The observed difference in cell proliferation can potentially be attributed to increased apoptosis and decreased proliferation since the pleiotropic effects of TN-C include cell cycle modulation. A study on the pancreatic ductal adenocarcinoma cells showed that TN-C addition to the cultures prompted G1/S transition.24 Another study showed that TN-C promotes progression into the S phase via AKT signaling, leading to enhanced cyclin D1 expression. Cyclin D1 then complexes with CDK4 to free E2F from retinoblastoma protein to enable G1/S transition.10 From these data, it could be deduced that the downregulation of TN-C would decrease G1/S transition. In the present study, this deduction has been confirmed. TN-C downregulation increased the number of cells in the G0/G1 phase, and the percentage of cells in the other phases decreased, consistent with previous studies. Drug-resistant disease is one of the primary challenges in treating TNBC, resulting in high mortality. Previous research has shown that TN-C can aid in doxorubicin resistance by reversing G1/S arrest via p21 inhibition.23 We demonstrated that TN-C downregulation led to G1 arrest, and we propose that this approach could be assessed for reversing doxorubicin resistance and testing a doxorubicin combination therapy.
Study Limitations
The main limitation of this study is that only one TNBC cell line was used and another TN-C expressing TNBC should be used in order to confirm our findings. Evidence is also needed to show that different levels of silencing correlate with the amount of apoptosis induced. Furthermore, the silencing efficiency for the later time-points could be investigated in order to determine whether the edited cancer cell percentage would decrease due to the reduced fitness of these cells.
CONCLUSION
This study demonstrated for the first time that TN-C downregulation by the CRISPR/Cas9 system successfully induced apoptosis and G1 arrest in the human TNBC cell line. These results warrant further testing via the examination of combinatorial therapies with chemotherapeutic drugs and studies on reversing drug resistance. By formulating a viral or a non-viral vector, this approach could also be tested within in vivo gene therapy settings in an animal cancer model.
MAIN POINTS
• TNBC is an important problem for women’s health globally.
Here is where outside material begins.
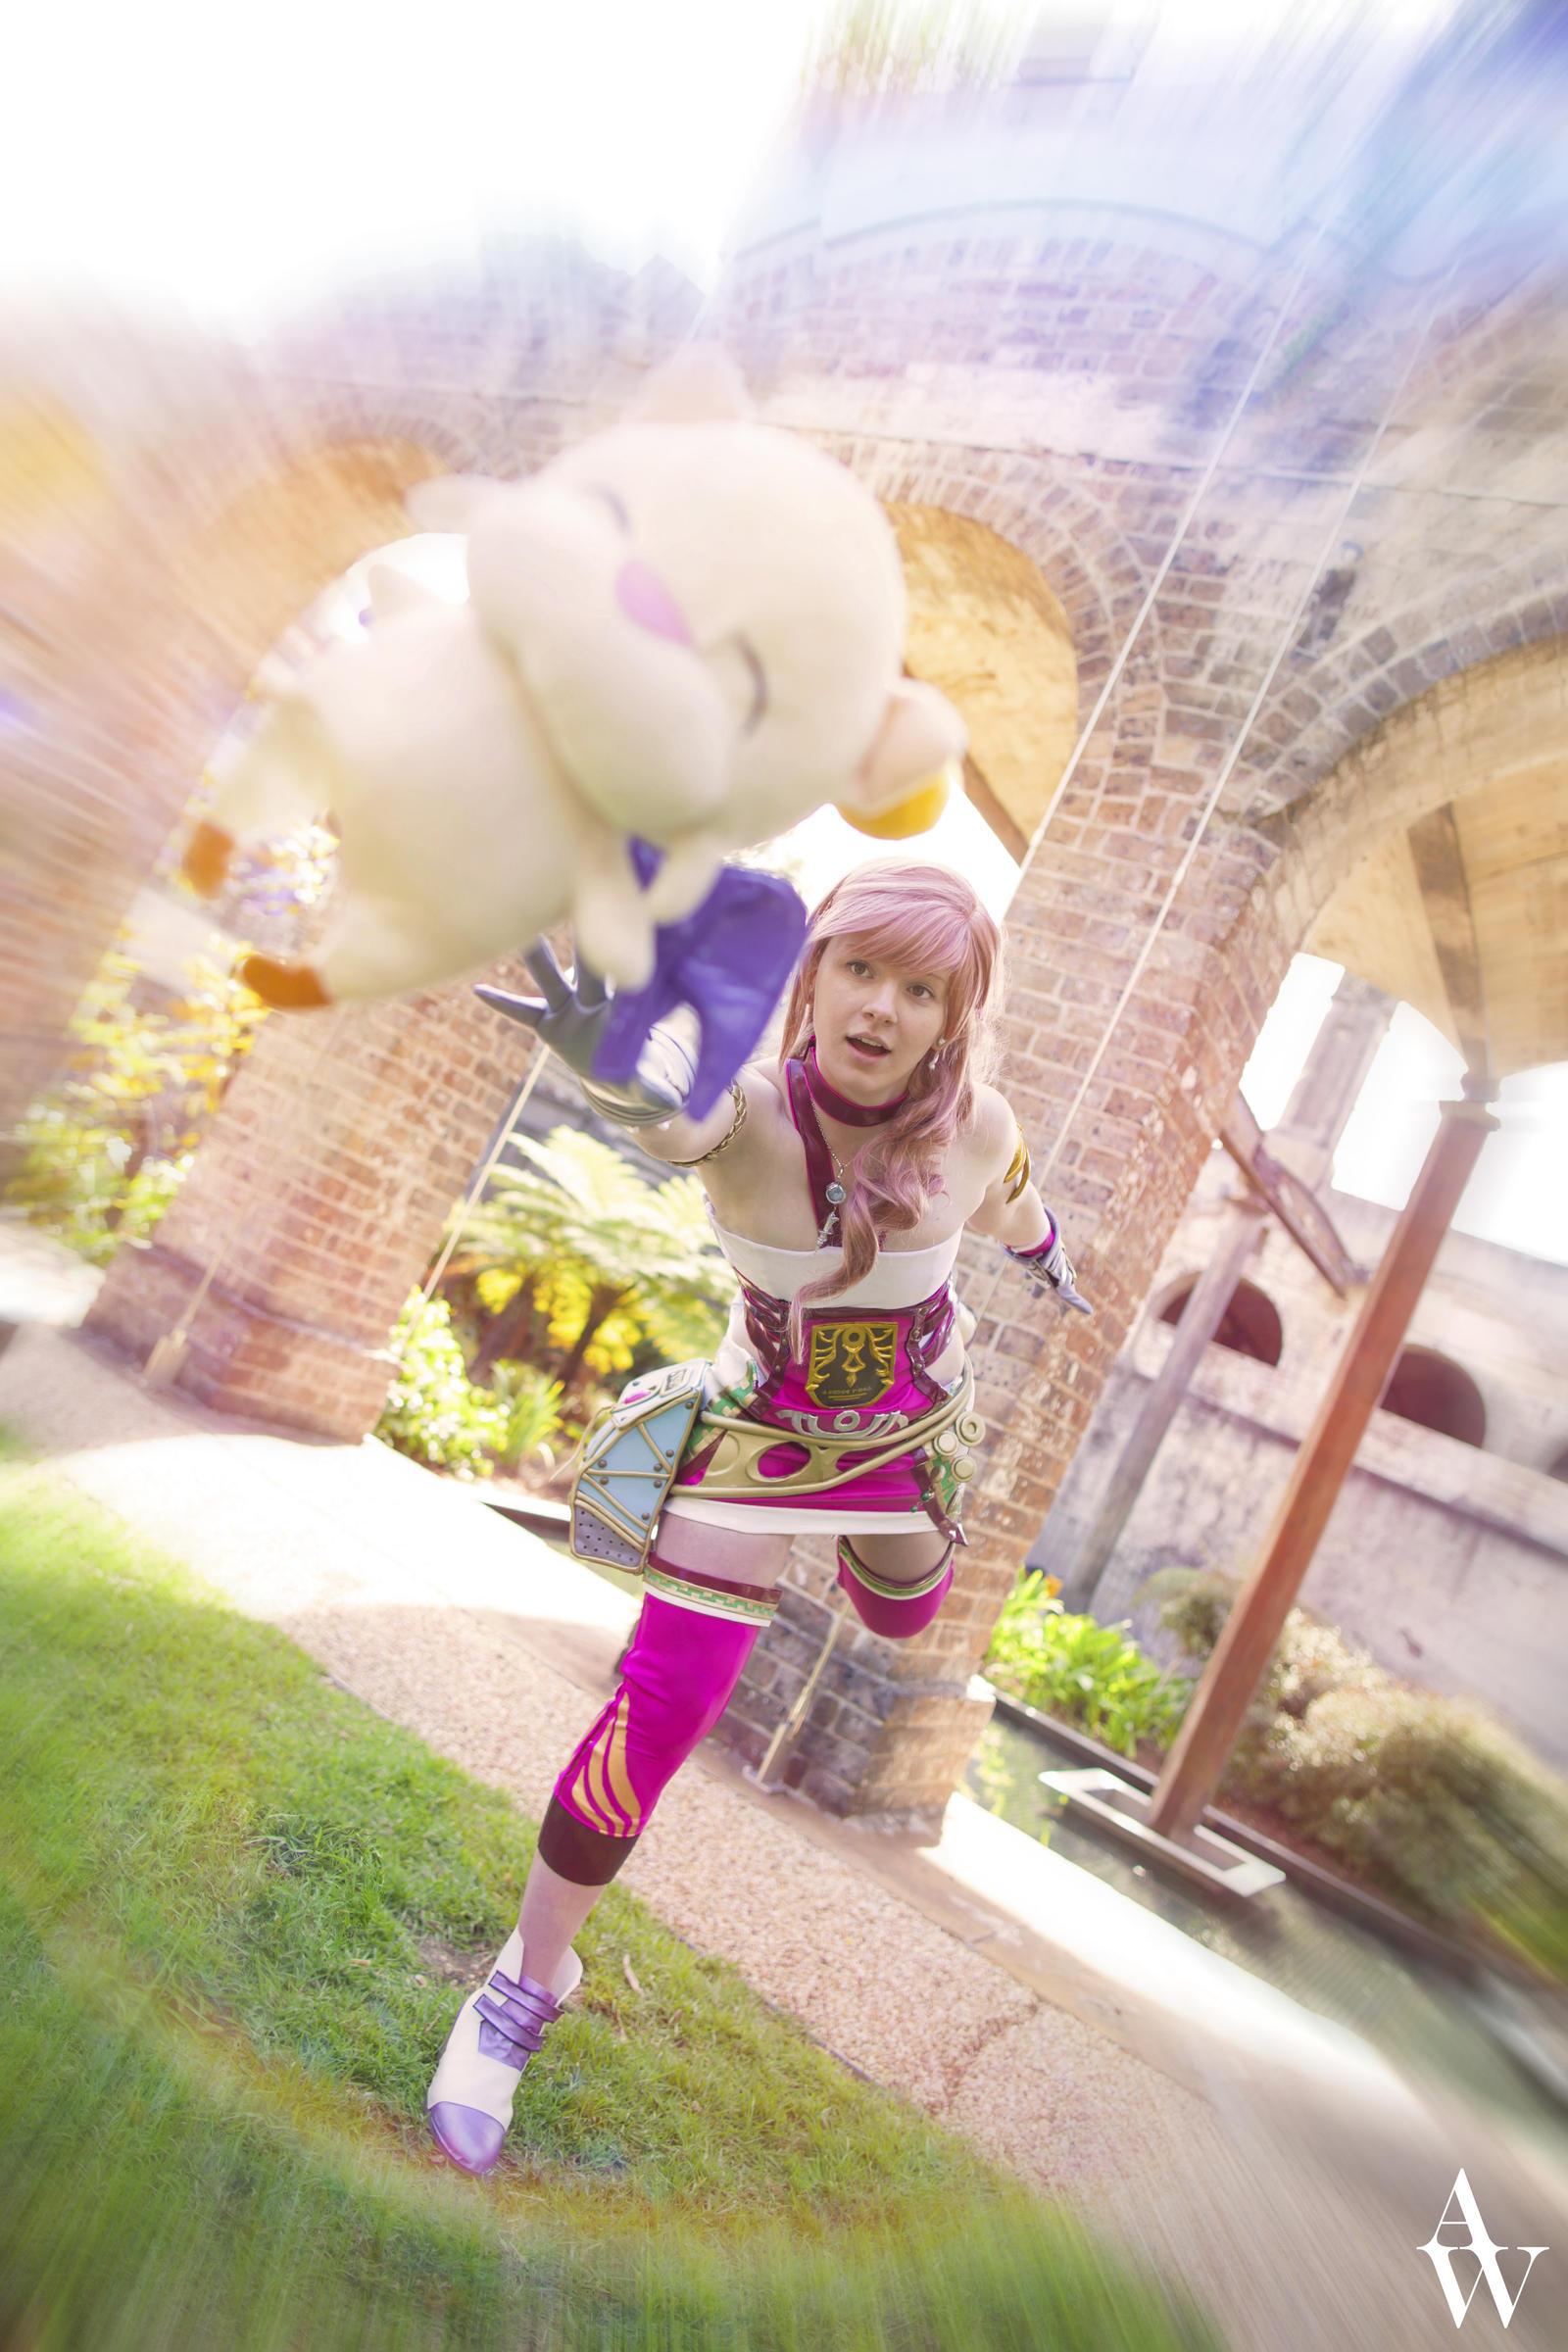 Kupoo!~ Serah Farron (Final Fantasy XIII-2) by AndyWana

• A tumor-promoting matricellular protein, TN-C, was successfully downregulated using CRISPR/Cas9 technology in TNBC cells, for which there is an urgent need for new therapeutic targets.
• TN-C downregulation induced apoptosis and inhibited G1/S transition, leading to a significant reduction in TNBC cell numbers.
• These data provide a strong foundation for further studies focusing on designing a new TN-C-based gene therapy approach using the powerful CRISPR/Cas9 system in TNBC cells.